● SOURCE MATERIAL
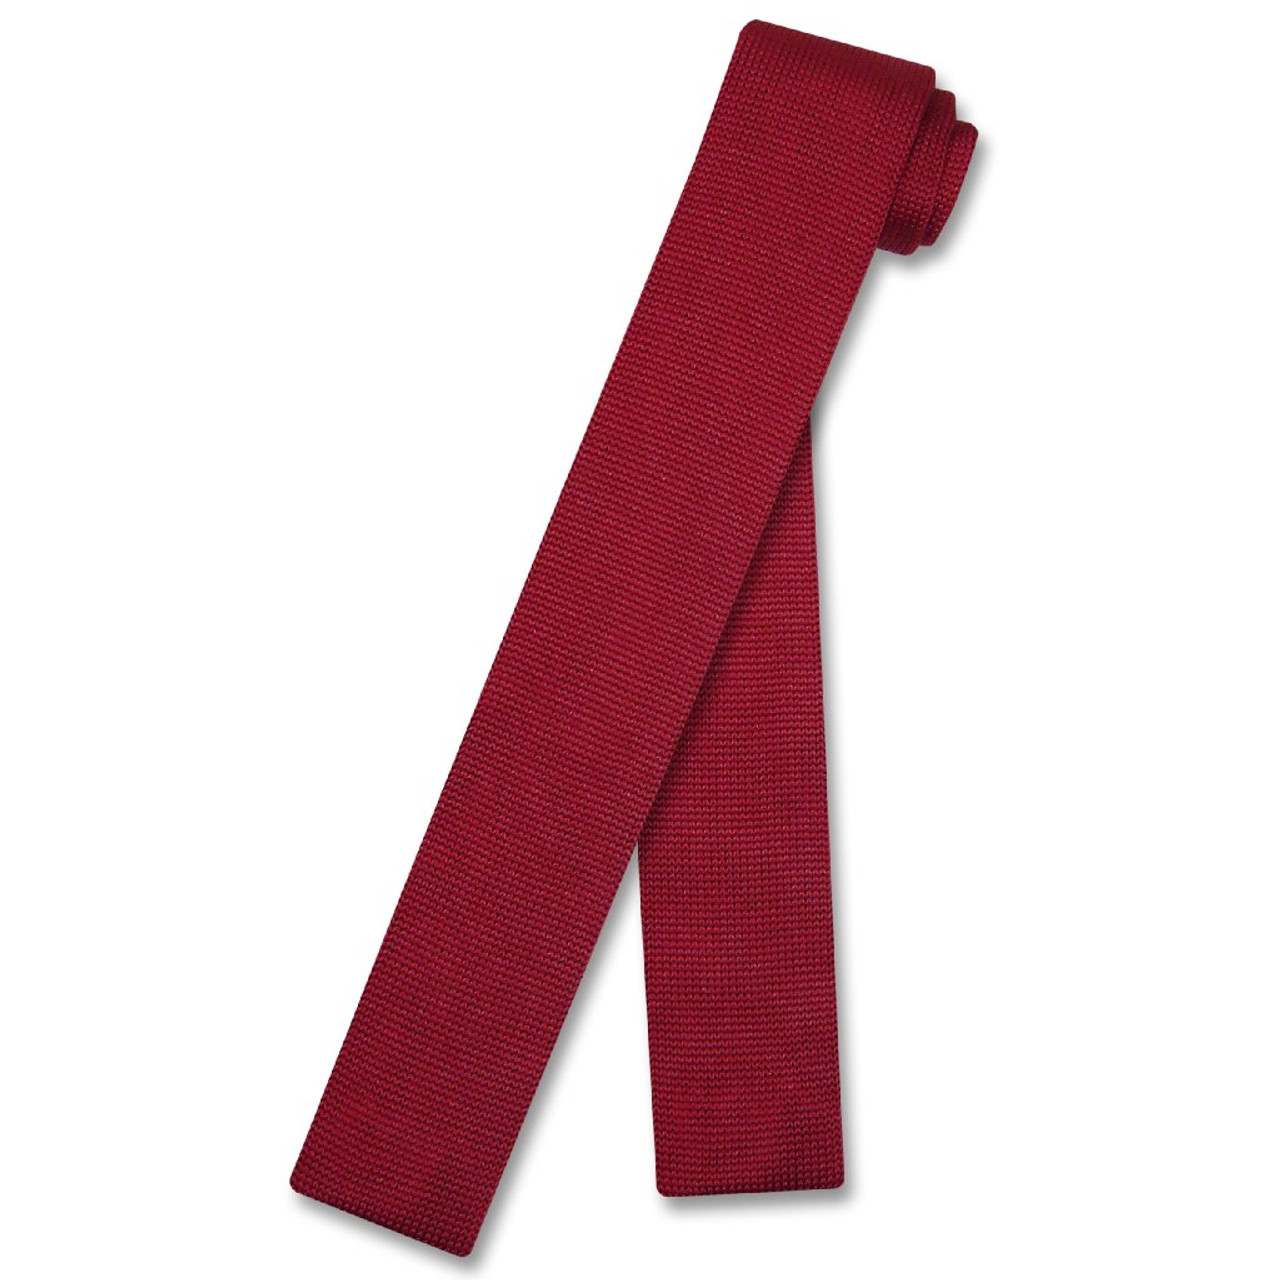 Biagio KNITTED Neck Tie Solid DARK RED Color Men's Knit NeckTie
---
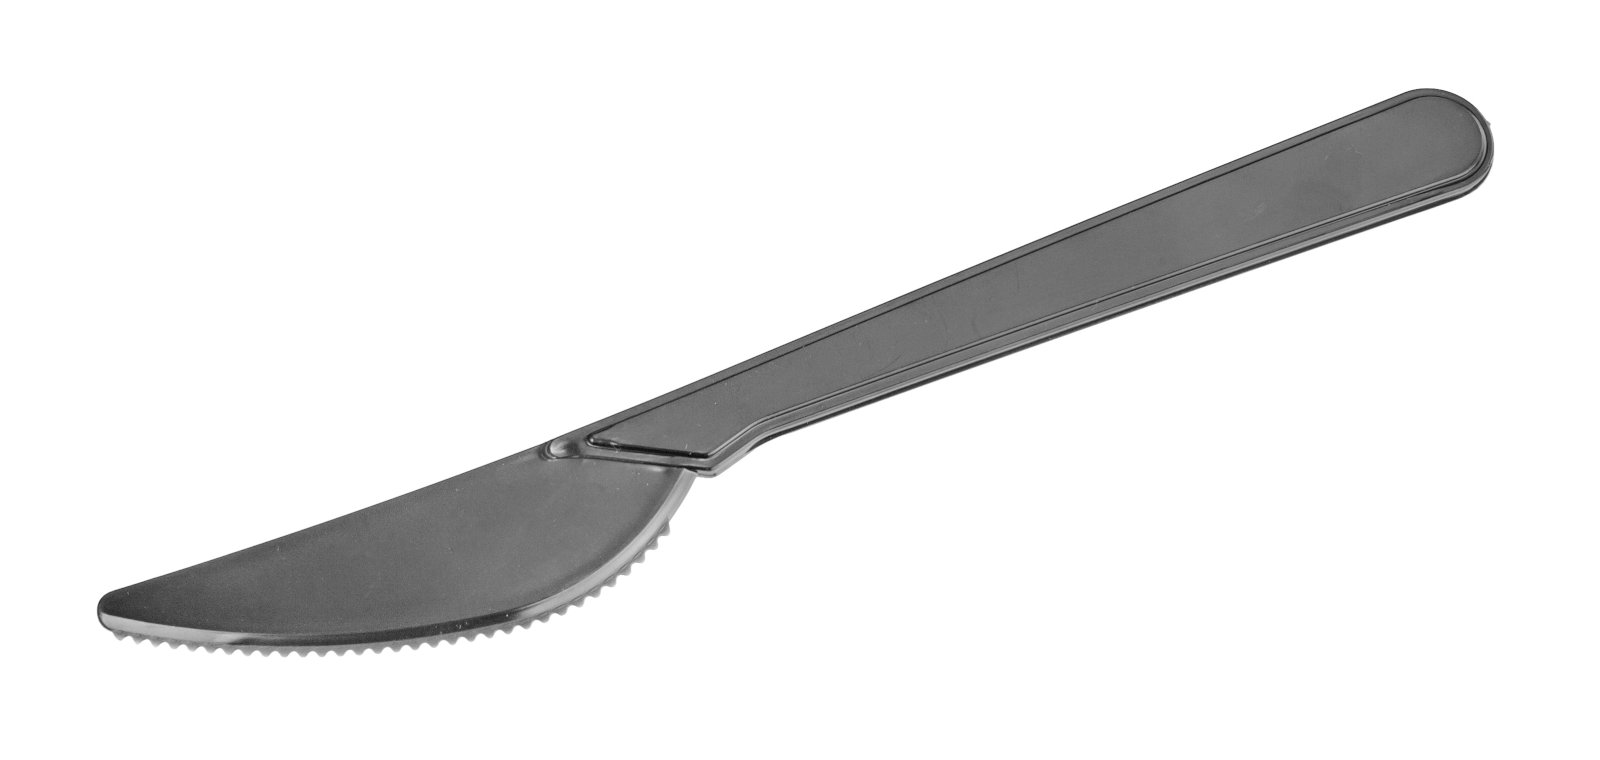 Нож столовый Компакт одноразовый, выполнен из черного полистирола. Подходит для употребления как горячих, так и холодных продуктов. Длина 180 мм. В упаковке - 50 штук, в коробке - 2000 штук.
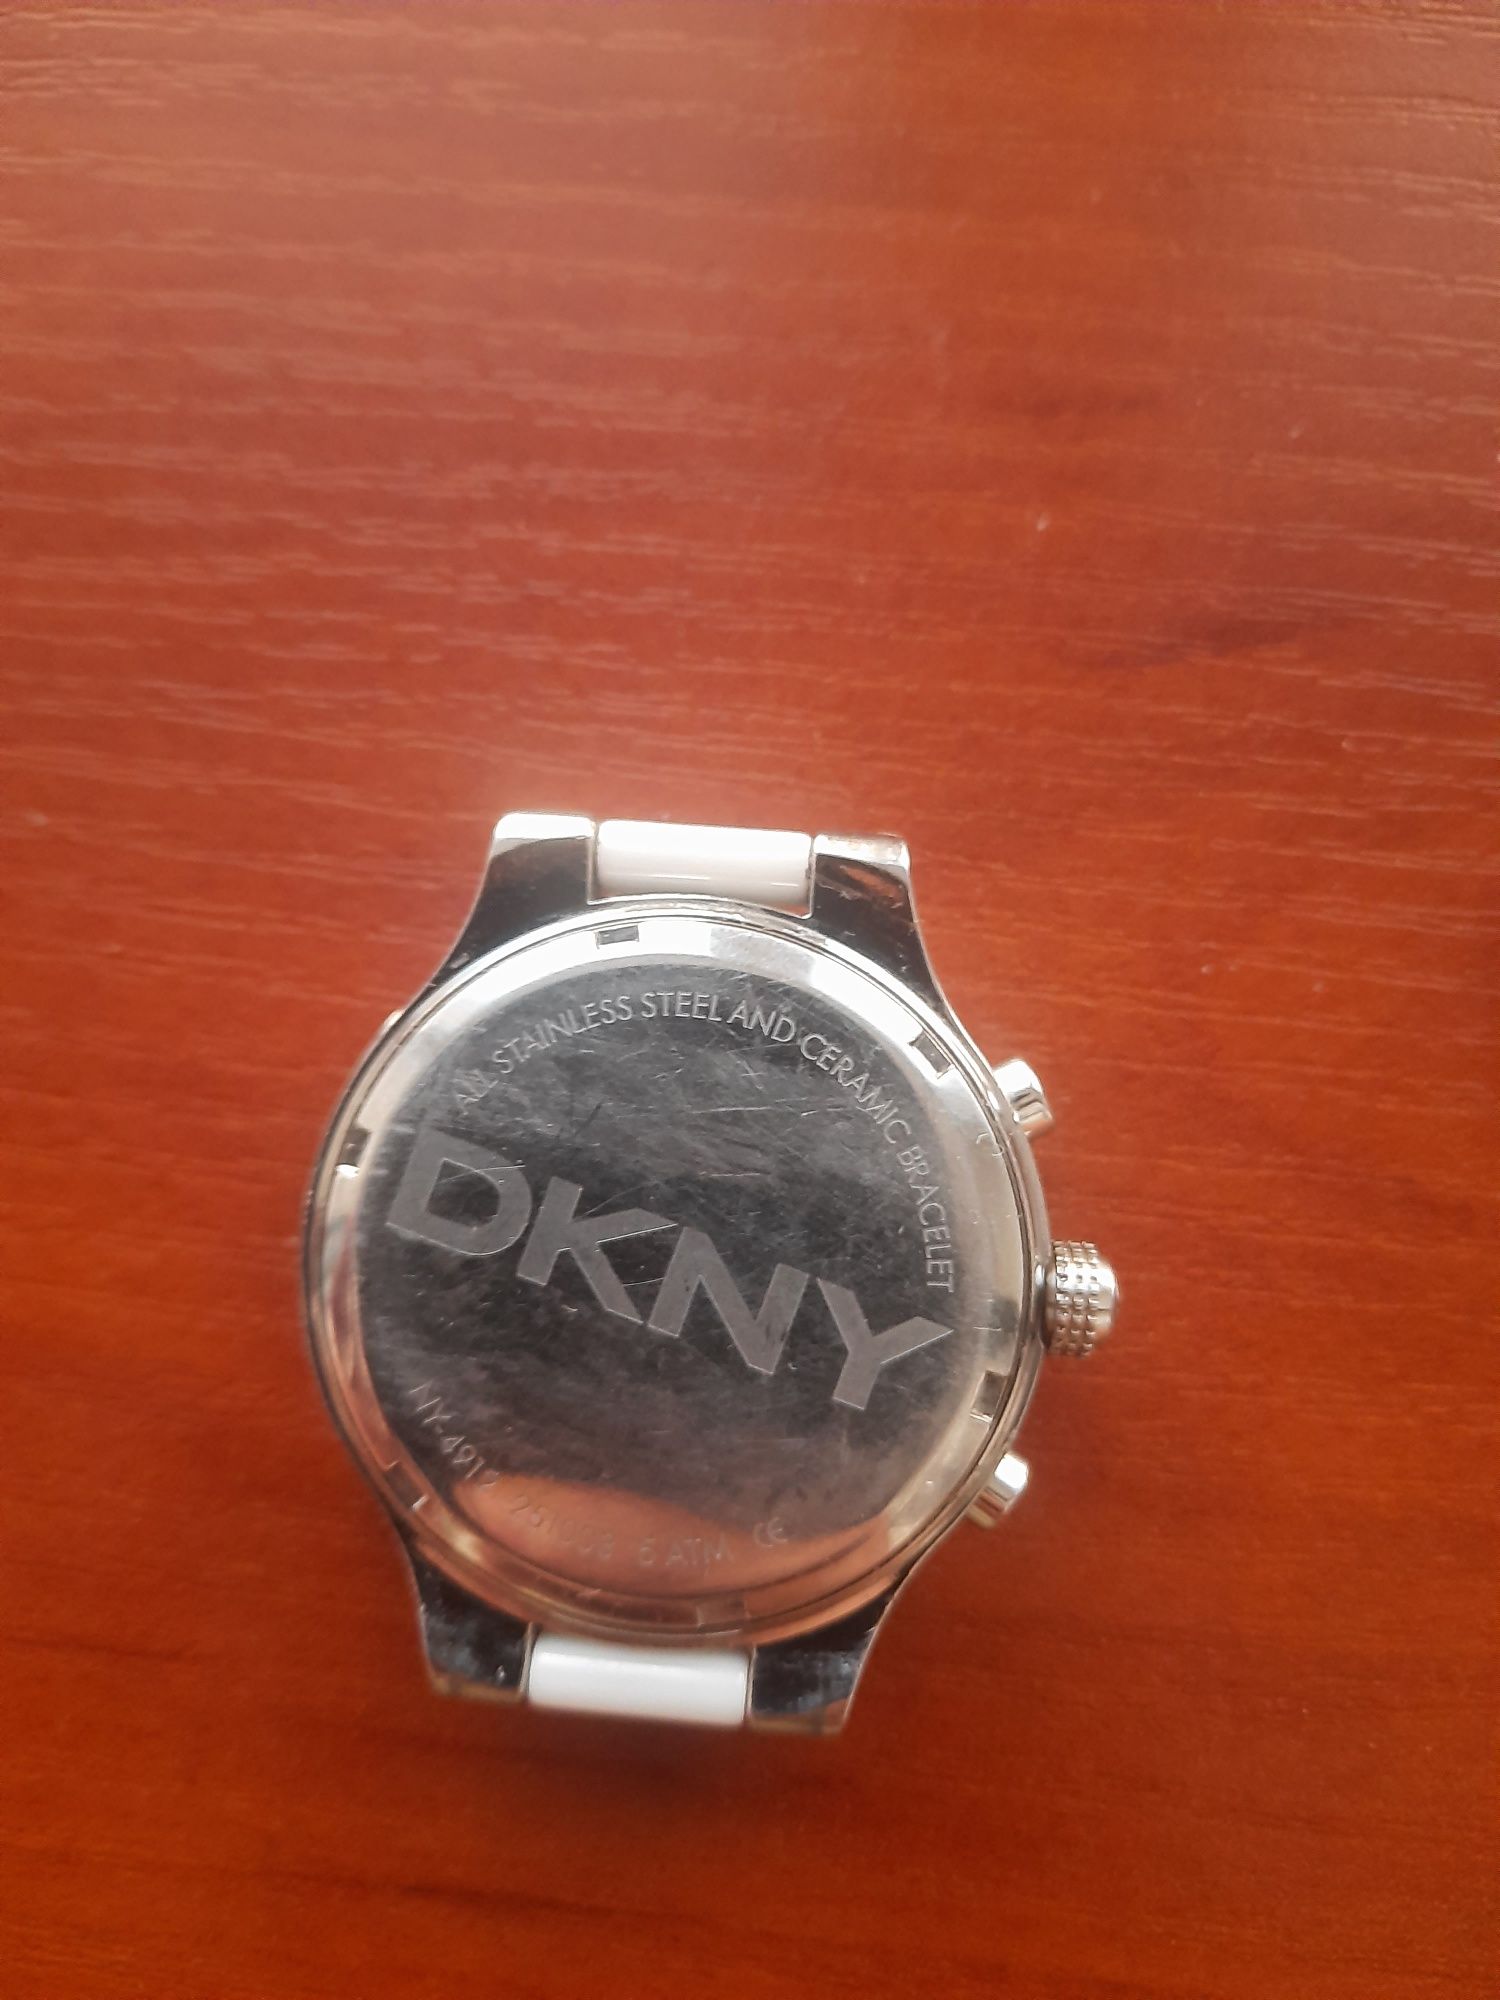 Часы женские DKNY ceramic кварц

● TASK OBJECTIVE
Range to copy from the listing above: the line with "Нож столовый Компакт" through the line with "Часы женские DKNY ceramic кварц". Transcribe it exactly and skip the pictures.

● SOLVED PROBLEM
 Нож столовый Компакт одноразовый, выполнен из черного полистирола. Подходит для употребления как горячих, так и холодных продуктов. Длина 180 мм. В упаковке - 50 штук, в коробке - 2000 штук.
 Часы женские DKNY ceramic кварц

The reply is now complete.